Reaching this insight would be impossible without a large database of stage-level fracture measurements. Reveal’s large anonymized database of well and stage-level fracture measurements across multiple basins, coun­ties and formations includes relevant completion details, such as stage length, proppant volume, fluid volume and number of clusters, in addition to detailed fracture geometry computed from offset pressure analysis.

While the discussion so far has focused on FHL, similar results for fracture height with significant variations at both the well and stage levels have been observed. There is considerably more to understand overall.

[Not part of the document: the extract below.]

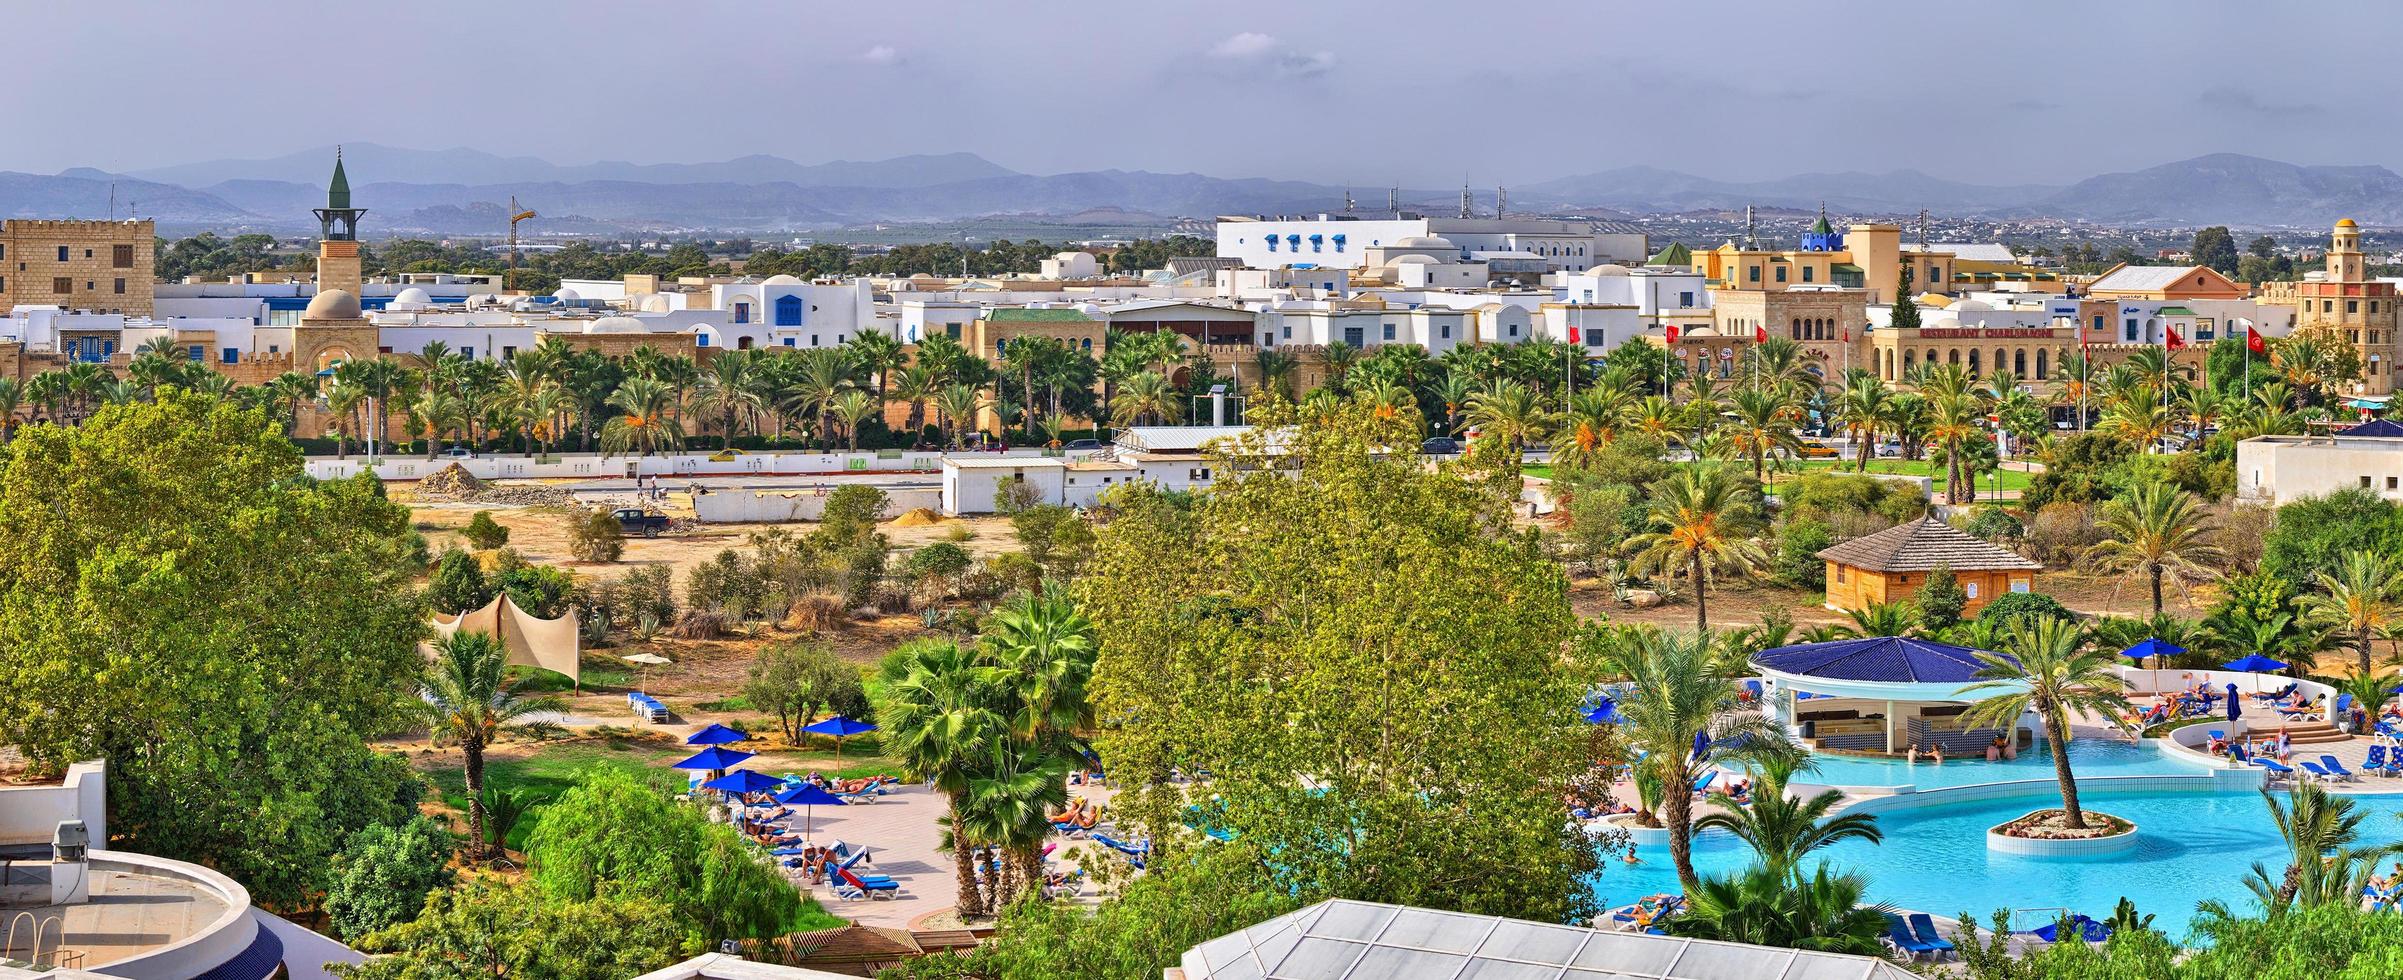 Hammamet, Tunesien - Oktober 2014 Swimmingpool im Luxushotel am 10. Oktober 2014 in Hammamet, Tunesien foto

What are the next steps? With the insight of significant variability in the actual SRV, as measured by the fracture geometry, Reveal is looking even further. The company is analyz­ing stage-level fluid volume, proppant volume and number of clusters to learn more about the factors responsible for the created fracture network variability. Pressure-based fracture measurements are a cost-effective option, even in today’s low-price environment, to systematically acquire large-scale, stage-level diagnostic data to con­tinue to unlock the complex subsurface following stimulation treatments.